Quick visit to Positano (picturesque town considered the jewel of the coast)

Quick visit to Positano (picturesque town considered the jewel of the coast)

As a young girl, I enjoyed looking through old photos. I would think to myself, If this photo could talk, what would it say? I would imagine the setting, the conversation, and the laughter in my head. Happiness was all I knew from my family photos.  The way I viewed my family and the life we lived was so pure, simple, and fulfilling. I could sit for hours and listen to stories about my mom and dad’s early days as a couple. My mom didn’t have very many photos of herself as a young girl, but she kept me spellbound with stories about her childhood as the only girl, with three brothers (and the fights they would get into!). My dad, on the other hand, had plenty of photos of his five siblings growing up, of his mother, and of his time in Vietnam. We were hundreds of miles away from family, so I could create my own version in my head of their lives, personalities, and what made them laugh. Life, as I saw it in photos, was perfect. 

Family Photo taken in 1978

Family Photo taken in 1978

What I didn’t see in old photos is the pain and the grief that my parents experienced. Those moments were rarely captured on camera. To be honest, I’m grateful they weren’t captured. My parents captured what made them smile, what made them laugh, and what melted their hearts. I love and cherish every photo and story.   

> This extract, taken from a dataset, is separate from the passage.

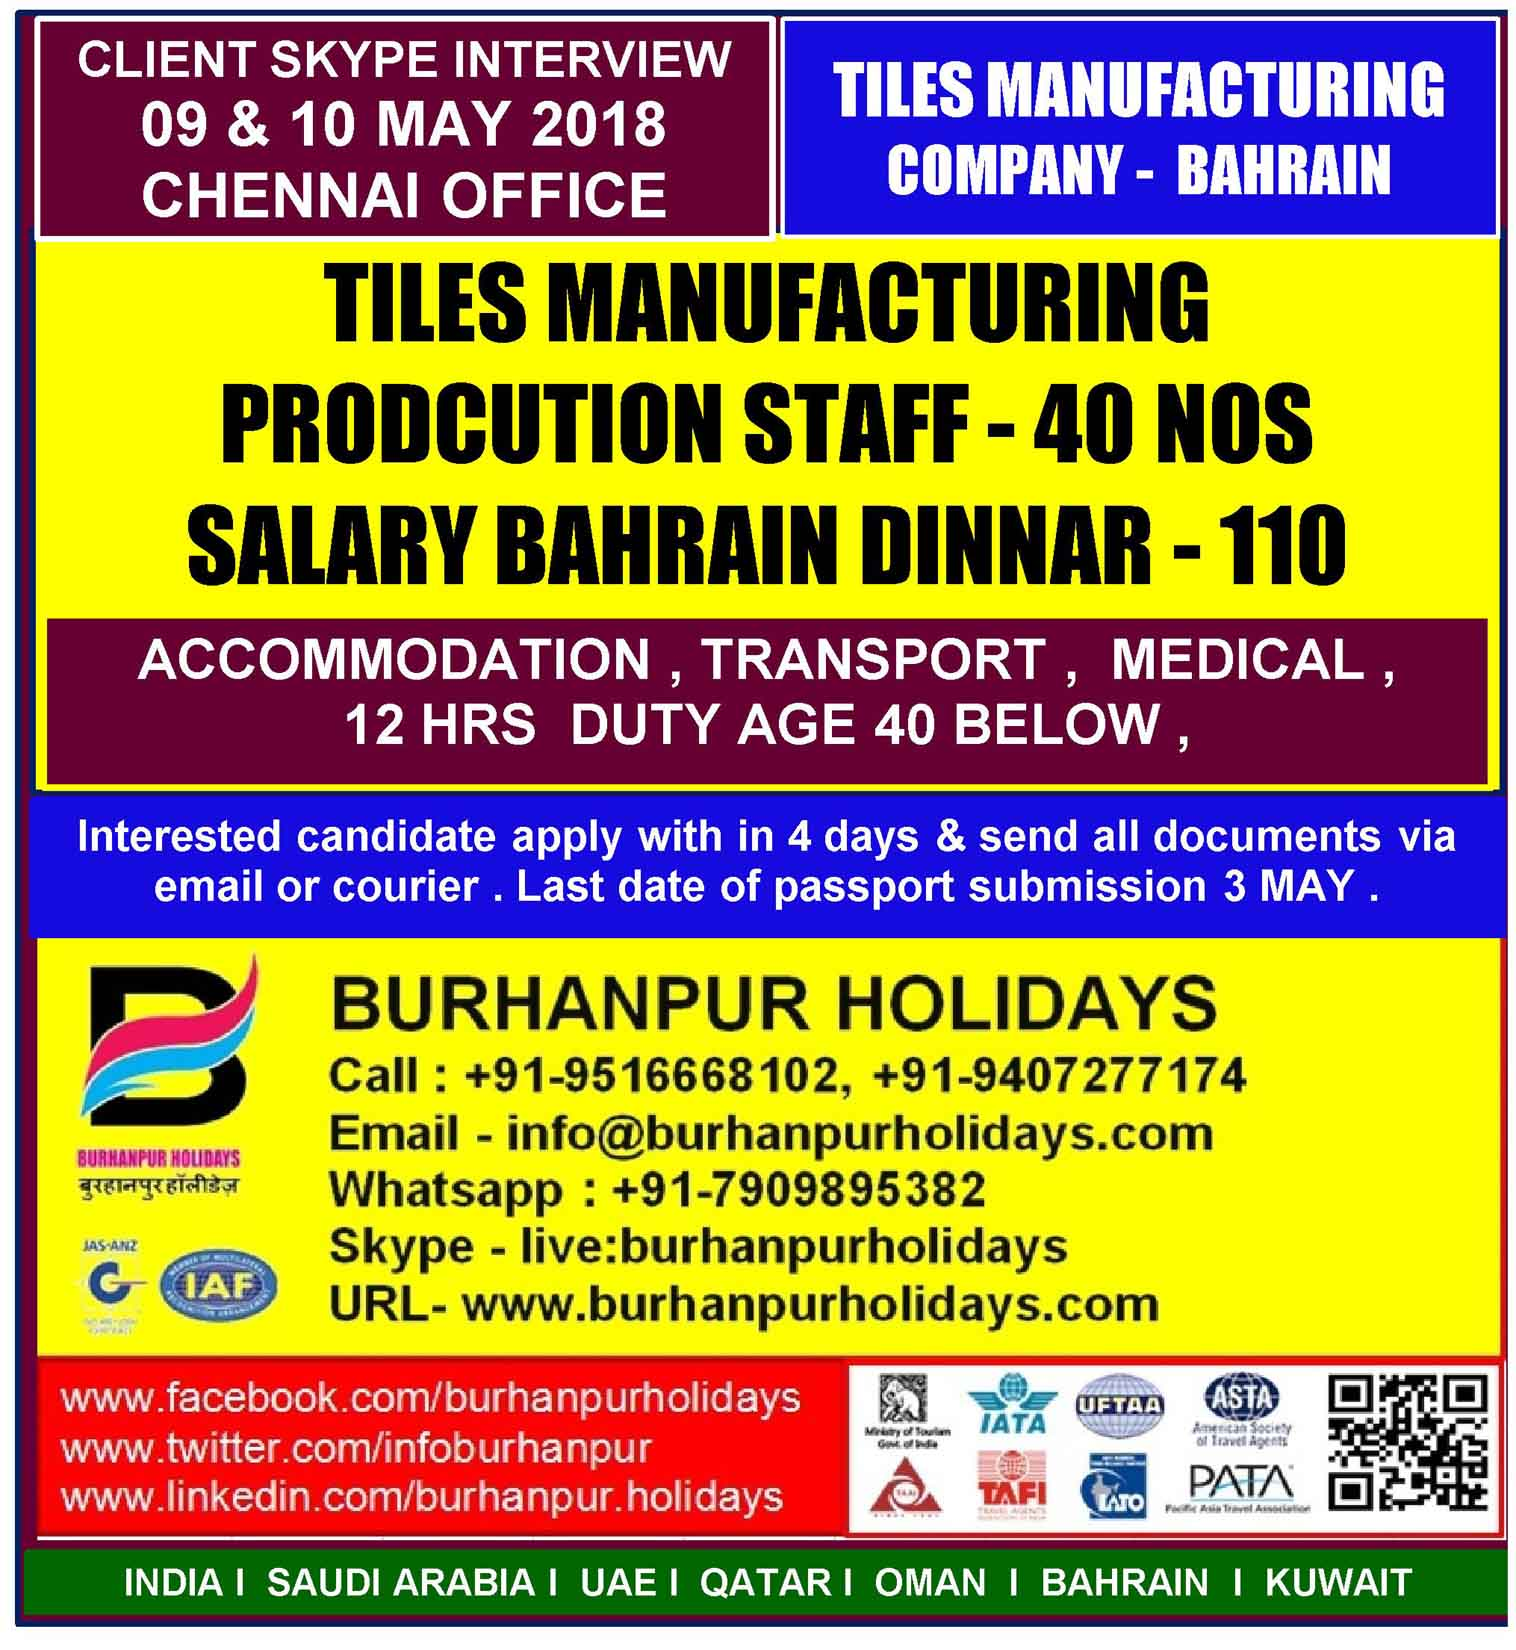 TILES MANUFACTURING COMPANY - BAHRAIN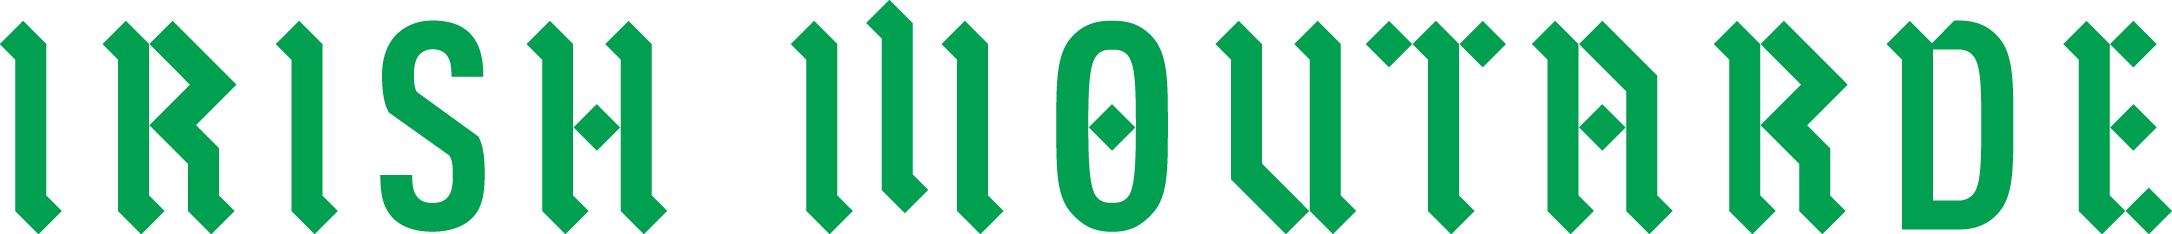 IrishMoutarde-Logo-2016-Signature-Vert

Old photographs were like gold to me. I knew from an early age that capturing my own memories was important, too. In my early twenties, I started sending Christmas photos every year to friends and family, with a letter telling them what was going on in my life. To this day, I continue to send yearly letters or photos and I enjoy receiving them.    

I’m prepared to capture memorable moments anytime and anywhere. During my half and full marathons, if I saw something I wanted to capture, I would stop and take out my phone to capture it. Race time was not important, but capturing the moment was. During the Rock ‘N” Roll Raleigh Half Marathon in 2014, I stopped to take pictures of the memorials of deceased servicemen. I was not prepared for the intense emotions. Tears flowed down my face, and I was so thankful for our fallen heroes’ sacrifice and service. I wanted to remember that moment during my race. To this day, I look at those pictures in amazement. I’m thankful to have a running community that remembers our fallen heroes.  

Rock ‘N’ Roll Raleigh Half Marathon —Photo taken: April 14, 2014

Rock ‘N’ Roll Raleigh Half Marathon —Photo taken: April 14, 2014

Capturing memorable moments has changed, in this day and age, with social media. Don’t get me wrong, I like social media. I’ve been able to connect with people from thirty-plus years ago, people I didn’t think I’d ever see again. I love seeing others do amazing things in their communities and their lives. I’ve also enjoyed the inspiration, encouragement, and humor from memes and personal posts. As much as I love capturing memorable moments, though, I wonder if we spend more time capturing photos than actually creating memories. Living in the here and now is so important for our wellbeing. Capturing memorable moments is one of my “super powers,” but I find joy in being fully present and enjoying the memorable moments of life. I want every moment I capture to be a moment worth remembering.